Sunday, December 26, 2010

Social Network Analysis

Background


Traditional data mining techniques focus on the interpretation of numeric or ordinal data, such as dollar amounts, or relative levels of affluence. More recent efforts are delving into social data though, by extracting the implicit social information contained within this numeric and ordinal data. This involves more finesse than simply including an employee’s paygrade but looks instead at indicators such as:
  • How many co-workers contact this employee with questions or for advice?
  • Does this person call people at inconvenient hours, “receive quick callbacks,” “and tend to get more calls at times when social events are most often organised.” “Influential customers also reveal their clout by making long calls, while the calls they receive are generally short.”
  • Has “an applicant associated with known criminals?”
  • Are budget items, payment details, or orders being discussed with unauthorized personnel (as determined by email scanning)?
  • What parties or events (as listed on Facebook, mySpace, or Twitter) are to be attended by this person? 
  • Does this individual connect several unrelated social networks, or are they firmly entrenched in their clique?
  • Analyzing social information creates an “index of power”
While all of these indicators are intriguing from a data mining perspective, the scale of existing investment in such software is astonishing, “IBM… says its annual sales of [SNA] software, now growing at double-digit rates, will exceed $15 billion by 2015. In the past five years IBM has spent more than $11 billion buying makers of [social] network-analysis software.”

Richmond Police Using Facebook to Predict Crime


The Richmond police department now plans staffing to address additional crime “on paydays and when there is a full moon.” Interestingly, they pay special attention to party plans and the social networks of suspects. “Richmond’s police have started monitoring Facebook, MySpace and Twitter messages to determine where the rowdiest festivities will be.” The article mentions that the system has replaced "officers’ reliance on ‘gut feel’" and “saves about $15,000 on overtime pay, because officers are deployed to areas that the software deems ripe for criminal activity” with crime having declined significantly as a result.

Telecom Companies Targeting ‘Influencers’

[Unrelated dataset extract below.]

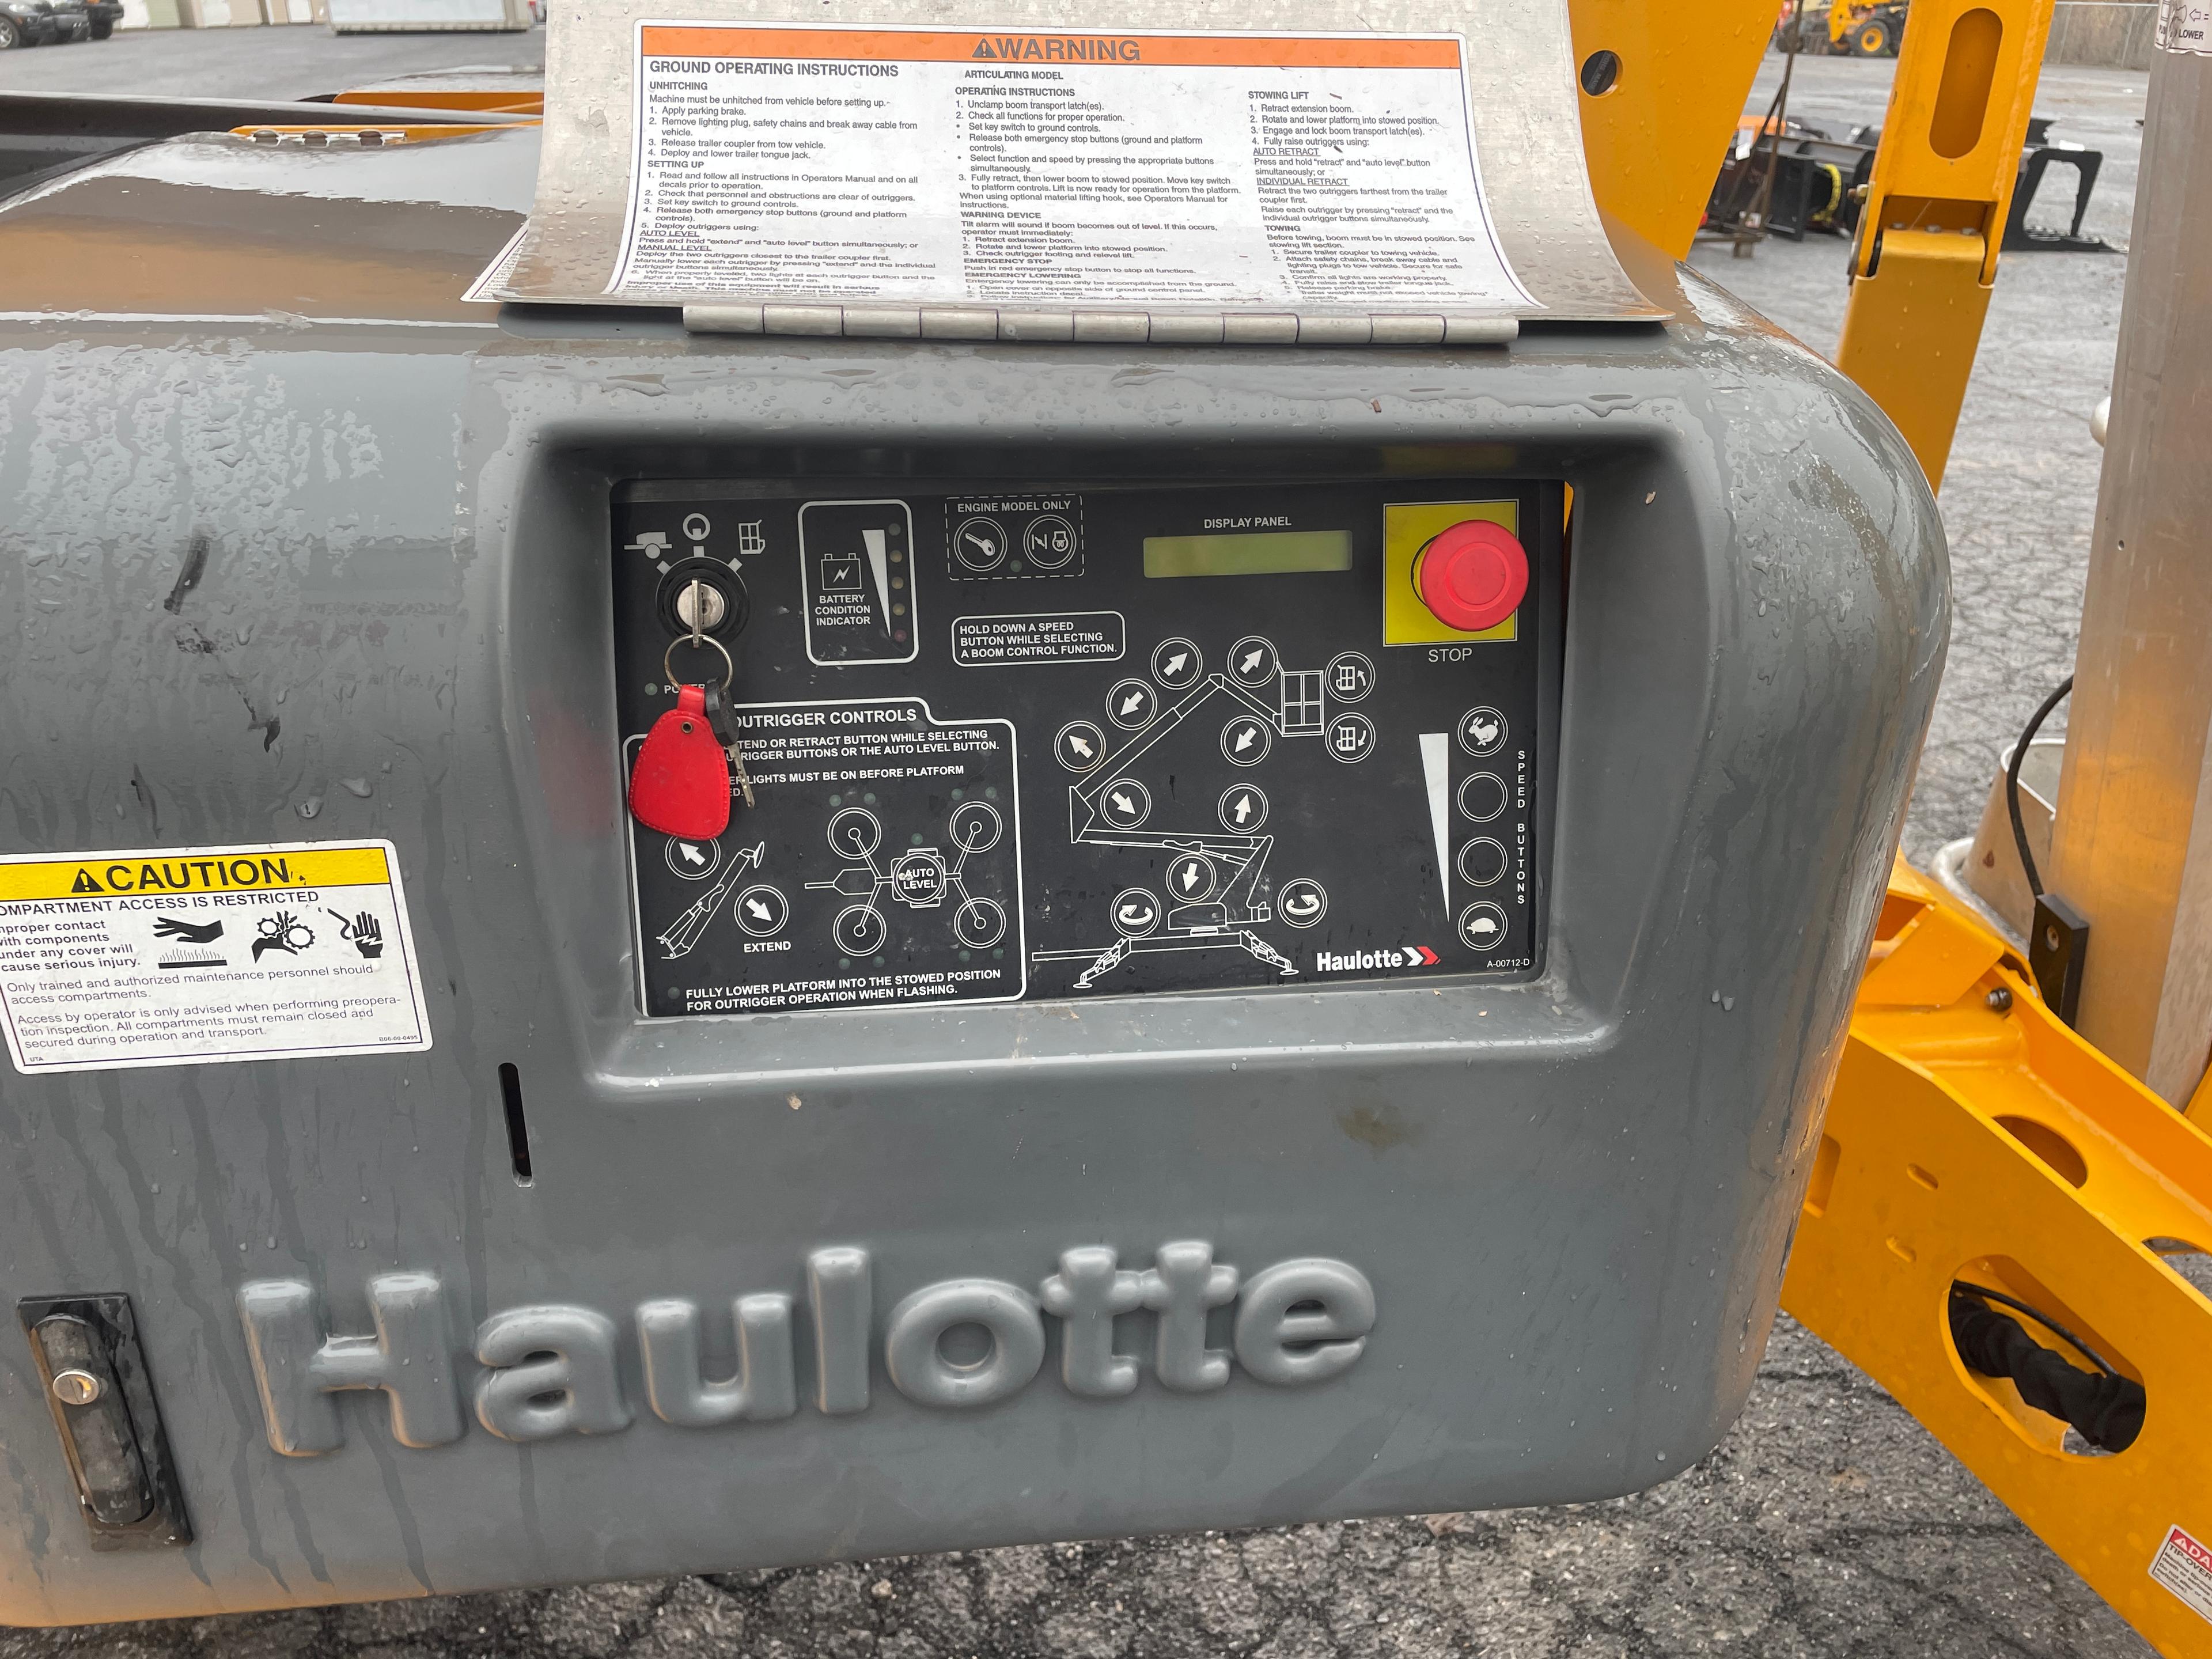 2021 Haulotte 5533A Towable Boom Lift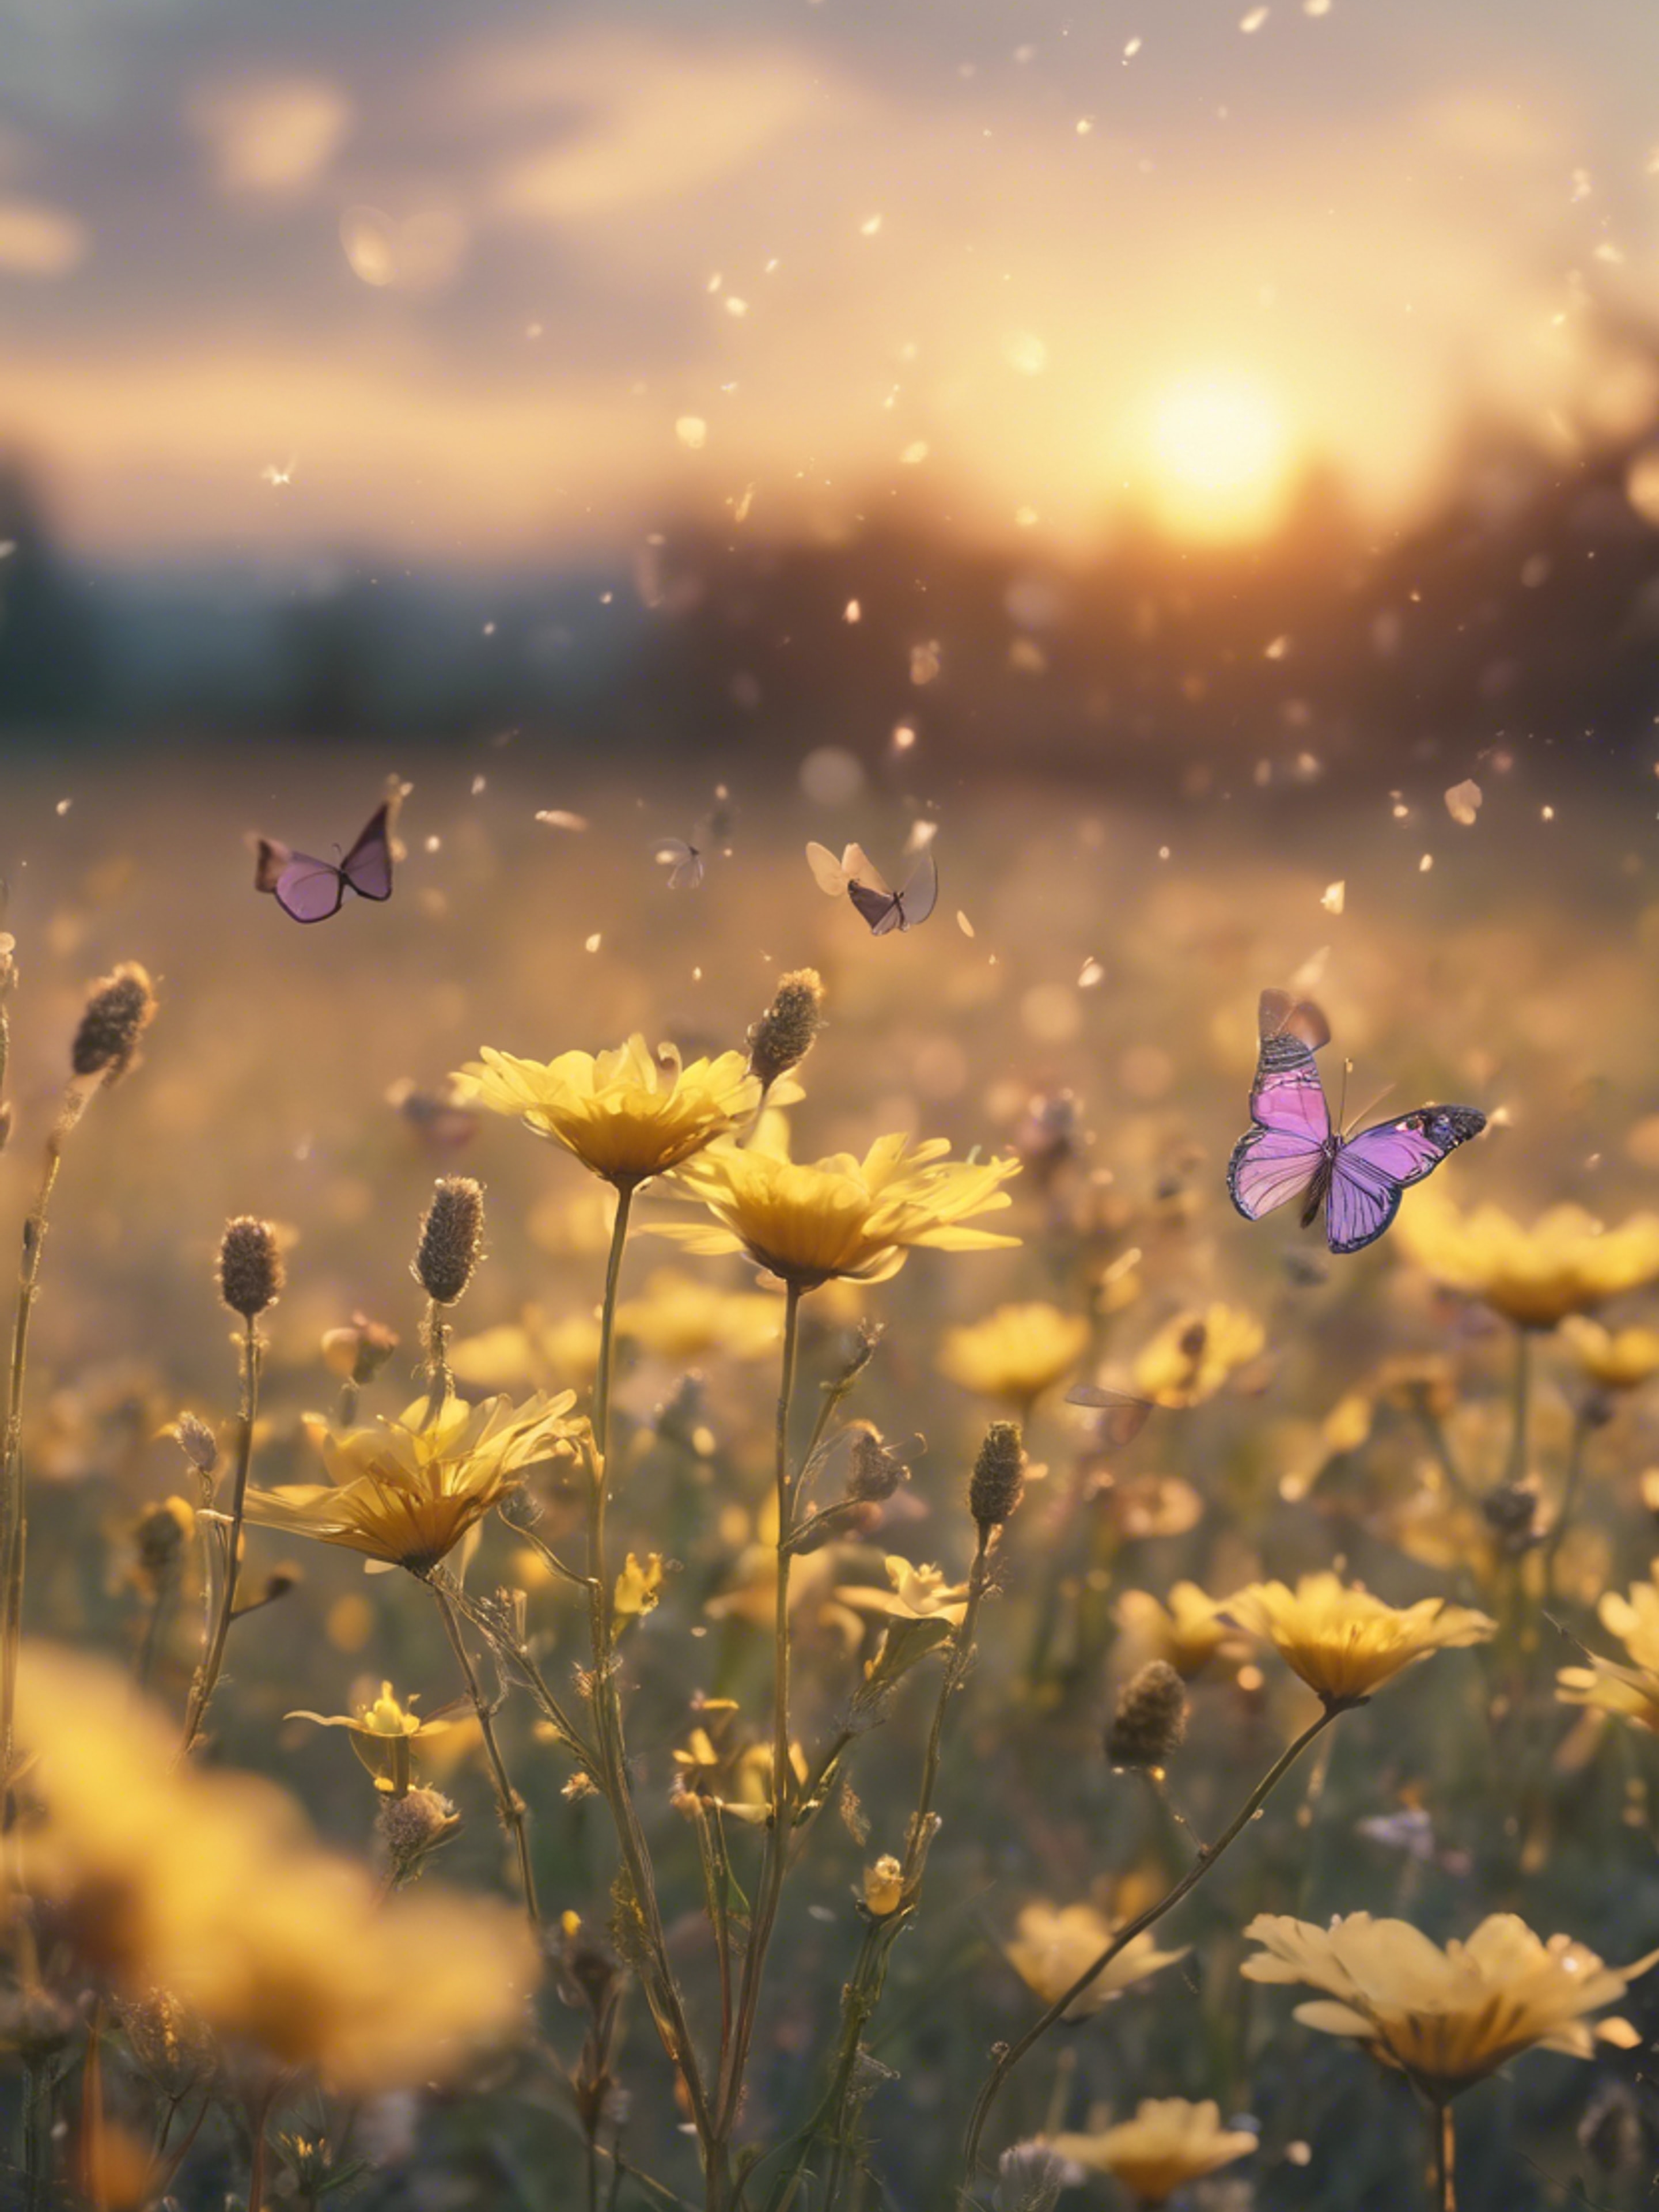 Sunset scene overlooking a meadow filled with pastel yellow flowers and kawaii butterflies fluttering above them. Tapetai[4de922e1f50d428d8d1a]

Telecom firms were early adopters of data mining, given their large amount of data, customers tendency for churn and competitors willingness to offer incentives to switch. Beyond their traditional churn/retention models, telecom firms are now using their call records to identify ‘influencers’… those “subscribers [that] frequently persuade their friends, family and colleagues to follow them when they switch to a rival operator” so that they can be offered incentives to retain them and correspondingly their entire social network. Bharti Airtel, the largest mobile network in India, indicates that customer churn has been significantly reduced by applying such SNA software.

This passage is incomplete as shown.